The genomic DNA was extracted from peripheral blood leukocytes using a standardized salting-out procedure. The six variants in CTLA4 (rs1863800, rs733618, rs4553808, rs5742909, rs231775, rs3087243) were identified following polymerase chain reaction based restriction fragment length polymorphism (PCR-RFLP). Briefly, genomic DNA was amplified by PCR in PTC-225 (MJ RESEARCH, USA), using designed primers. Optimum PCR amplification was achieved with 1×PCR buffer, 2 mM MgCl2, 0.15 µM of each primer, 0.2 mM dNTP, 1.0 Unit Taq polymerase and 20 ng genomic DNA. (Table S1). The accuracy of genotyping has been further confirmed by Sanger's sequencing in 30 randomly selected cases.
Statistical analyses for the case-control study
Allele frequencies were determined by gene counting and the fit for Hardy-Weinberg equilibrium (HWE) was verified using Chi-square goodness-fit test. Multiple logistic regression analysis was used to test the allele risk contribution under each genetic model.
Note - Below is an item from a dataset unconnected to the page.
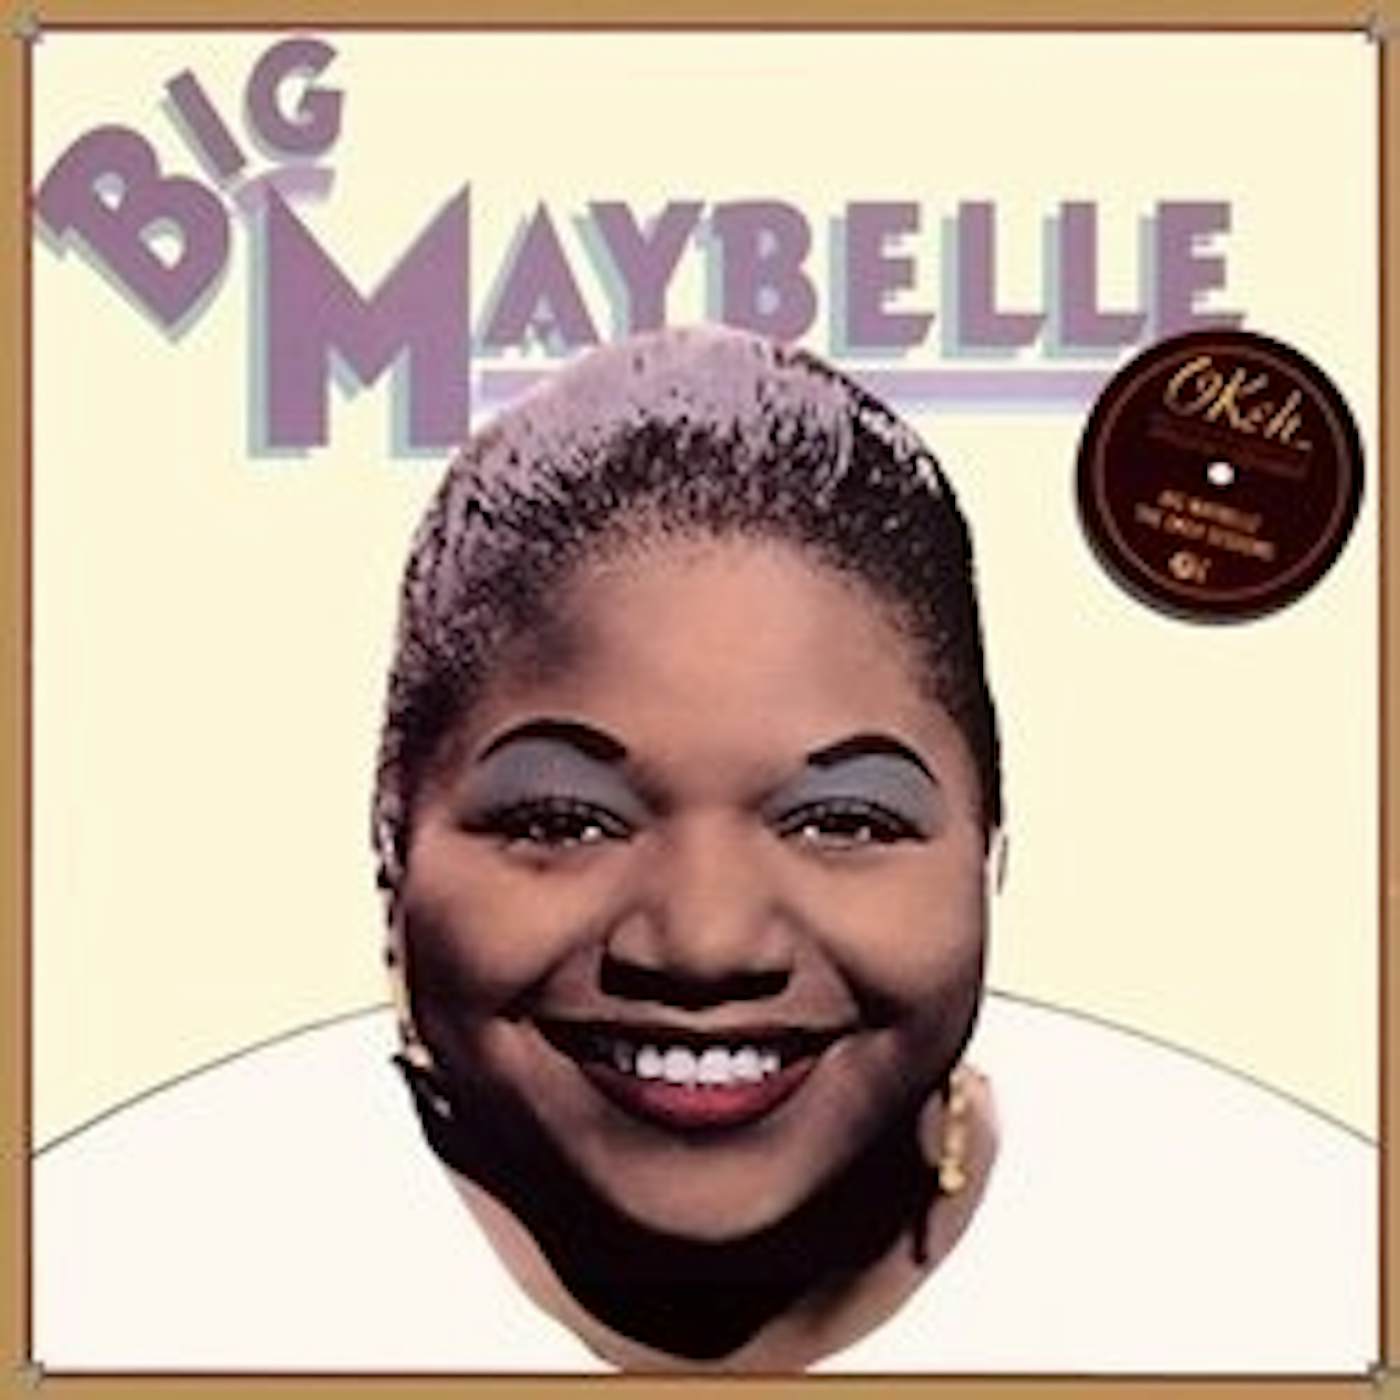 Big Maybelle OKEH SESSIONS Vinyl Record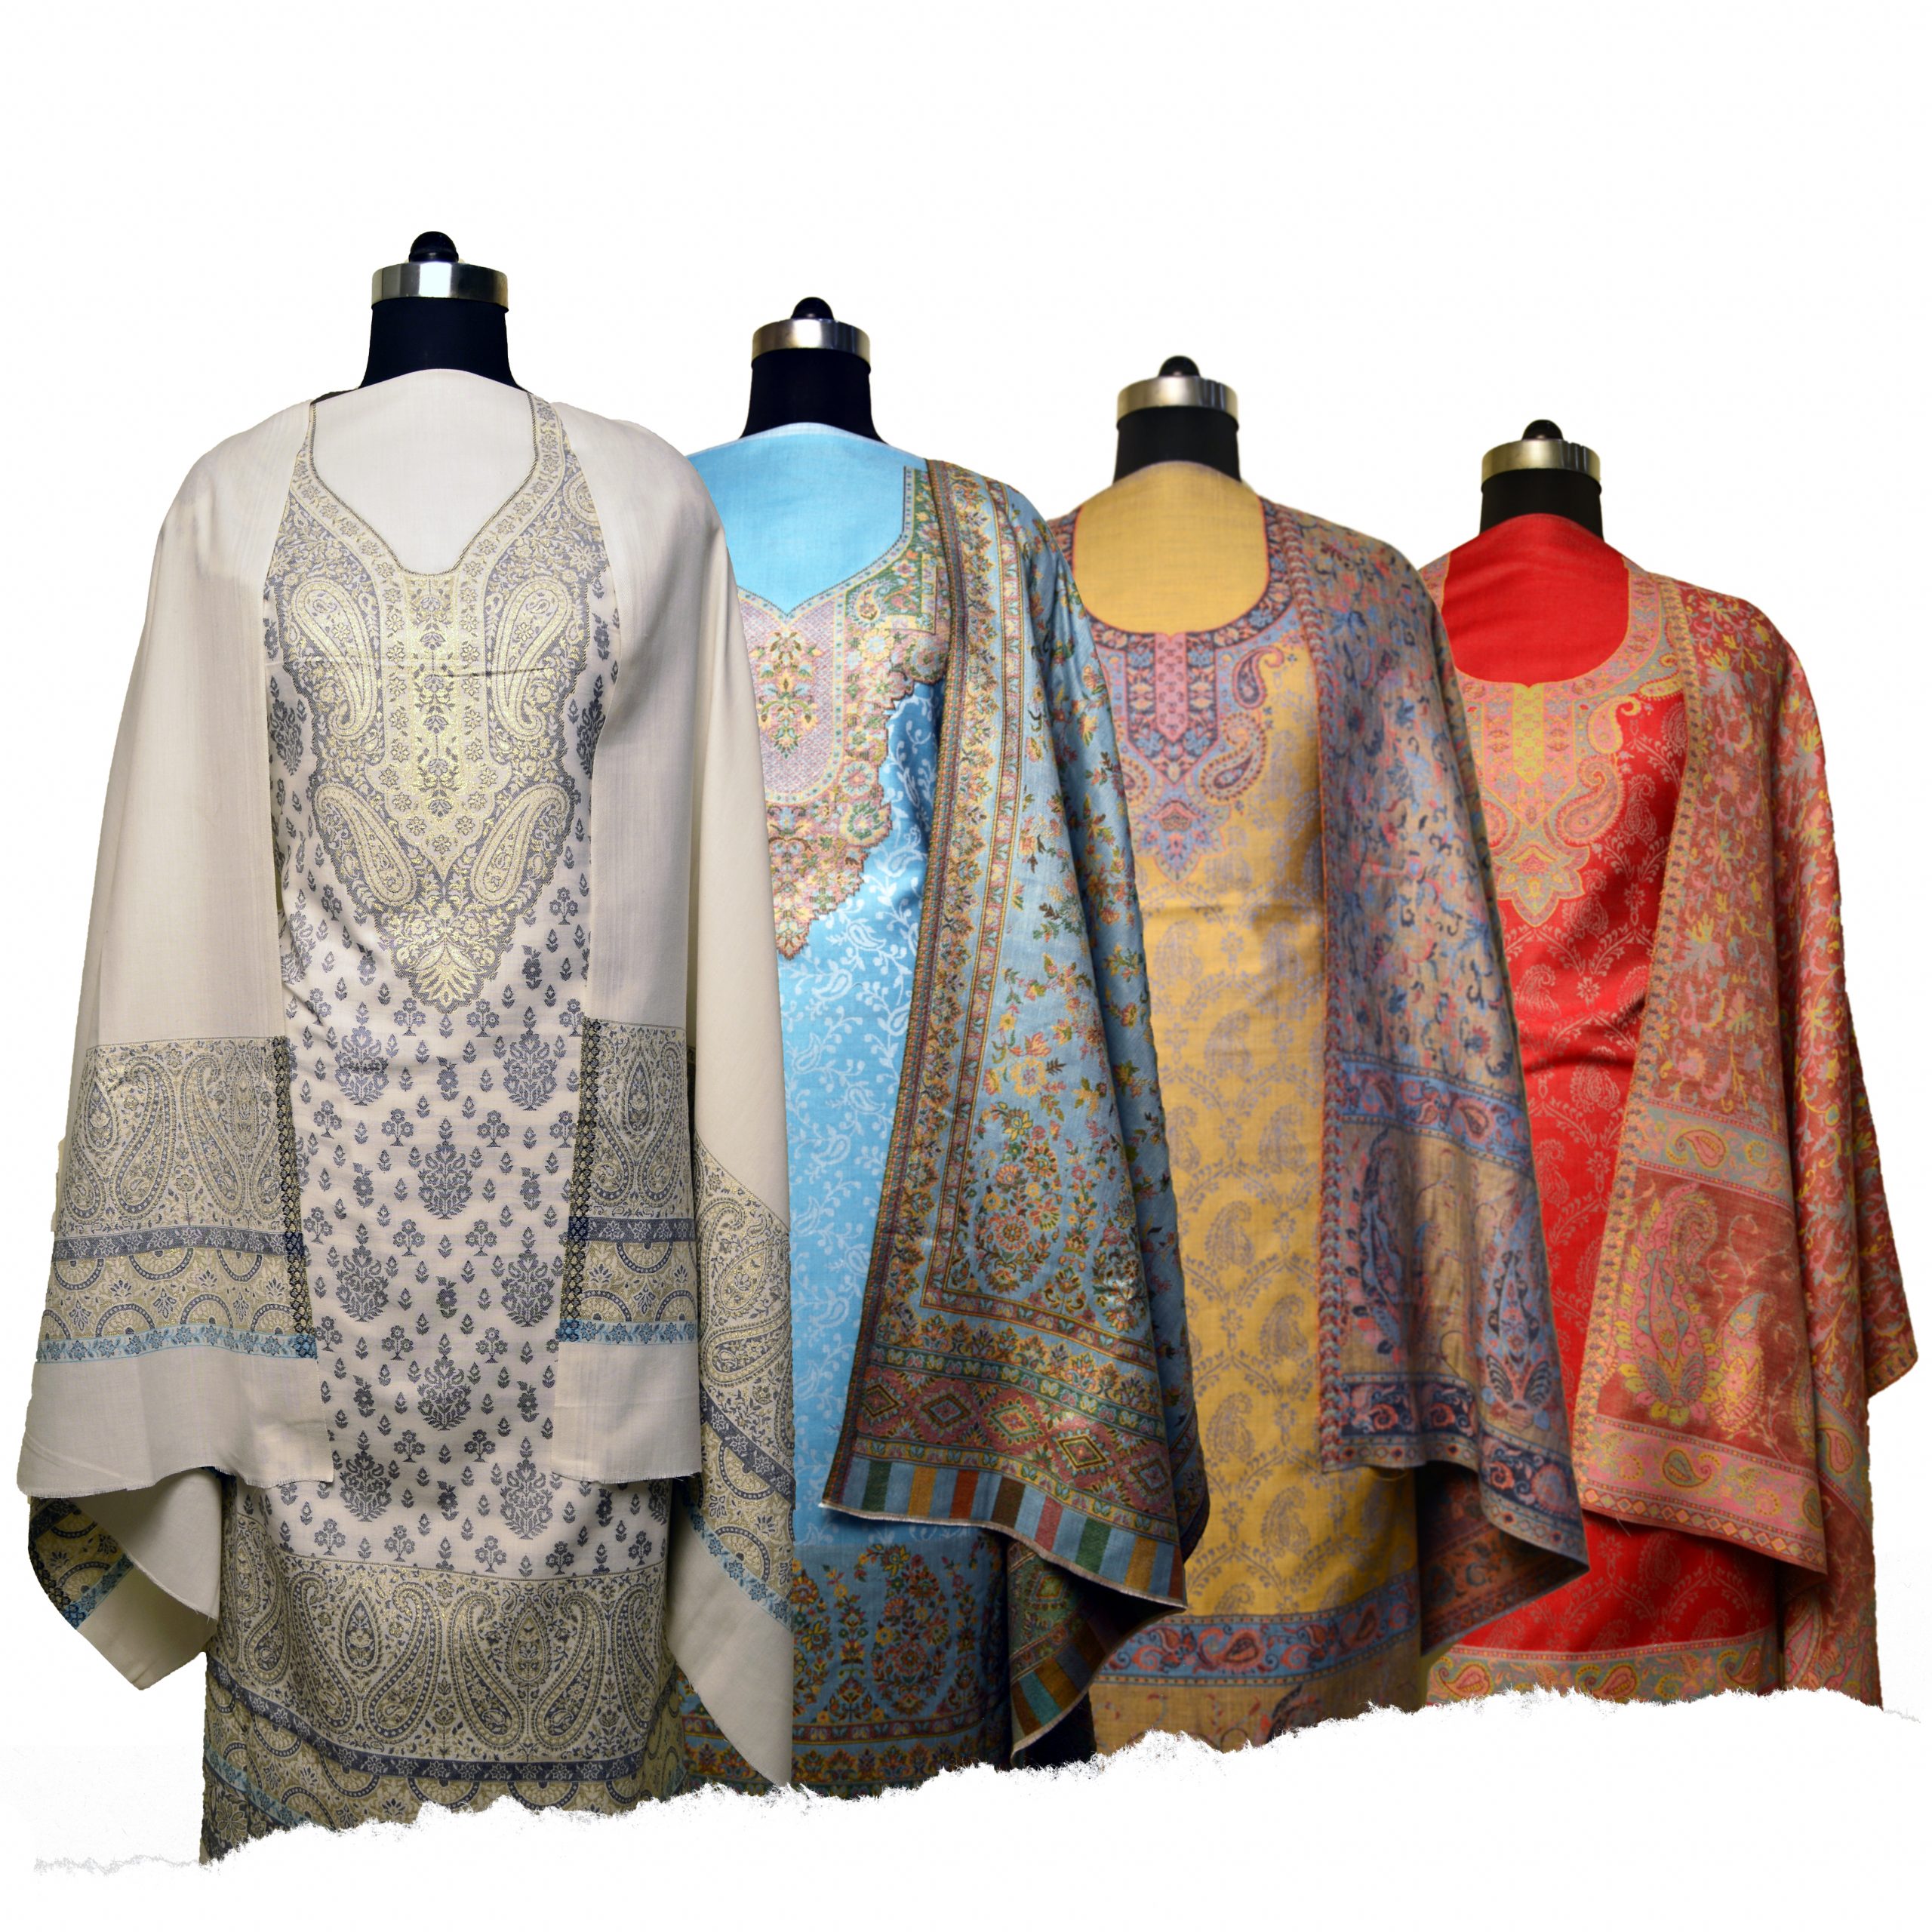 Latest kashmiri suits at wholesale prices from Amritsar, Punjab

SNPStats program was used for test the allele association under additive, dominant, recessive and log-additive models .And the odds ratio (OR) was used to estimate the strength of association between variables, with the OR 95% confidence intervals. The HapMap genotype data (HCB/CEU) was searched from the official homepage (http://hapmap.ncbi.nlm.nih.gov/). Haploview (version 4.2) was used to estimate the linkage disequilibrium (LD) and haplotype among genotyped variants. Value for D′ and r2 were calculated for allele combination. Only common haplotypes with an estimated frequency >1% were considered. Permutation test (n = 1000) was conducted for the multiple-testing adjustment. Two-sided P<0.05 was considered statistically significant. Power calculations were performed with the program Genetic Power Calculator . ROCAUC and population attributable risk (PAR) was estimated for risk alleles that remained significant after adjustment using Statistical Package for Social Sciences (SPSS, version 12.0).
The six variants spanned 36.5 kb of genomic region (Figure 1). All of them were successfully genotyped and fitted the Hardy-Weinberg equilibrium. Compared to those in HapMap CEU, the minor allele frequencies (MAFs) of rs1863800, rs231775, and rs3087243 were much lower, and the MAFs of rs733618 and rs5742909 were much higher (Table 2). The power analysis showed that 94.9% (additive) and 89.3% (allelic) power were required to detect a genotype relative risk of 2.5 at an alpha level of 0.05 for variants with an MAF of 30%, assuming a prevalence of 0.01% of MG in Chinese.
Generated by Haploview (version 4.2), and each box represents the D′ valuebetween pairs of SNPs (ranging from 0 to 1). Dark red, strong LD; light red, weak LD.
Analysis of pairwise LD among the six variants showed that the first five variants existed tightly in one block (P<0.05, D′>0.85) (Table S2). A total of six common haplotypes were identified across the LD block, ranging in frequency from 36.6 to 1% in total subjects (Table 3). One risk haplotype (CCACG) and one protective haplotype (TTACA) were identified after permutation correction for multiple-testing adjustment [odds ratio (OR) = 1.535, range = 1.150–2.059, P = 0.004 and OR = 0.543, range = 0.354–0.834, P = 0.030, respectively).
Considering the rarity of MG and limited sample size in subgroups, the association between individual variants and general risk of MG was mainly focused (Table 4). The additive, log-additive and allele contrast model all indicated that the minor alleles of rs1863800, rs733618, rs231775, and rs3087243 distributed differently between MG and controls. After a further permutation correction (n = 1000) for multiple-testing adjustment, only rs1863800, rs733618, and rs231775 reached significance (P = 0.027, 0.001 and 0.032, respectively). The subsequent multifactorial logistic regression suggested that rs1863800*C, rs733618*C, and rs231775*G could increase the general risk of MG after filtering the confounding factors. After stratification by gender, it was found that all those three risk alleles associated with MG were significant in females (Table 5). The estimated PARs for MG were 40.42%, 17.96% and 28.50% for rs1863800*C, rs733618*C, and rs231775*G, respectively. The specificity and sensitivity of the regression model were calculated by constructing receiver operating-characteristic (ROC) curves, and the area under the curve (AUC) was calculated to estimate the ability of each risk variants to distinguish case subjects from control subjects. The combined three risk alleles resulted in an ROCAUC value of 0.669 (Table 6).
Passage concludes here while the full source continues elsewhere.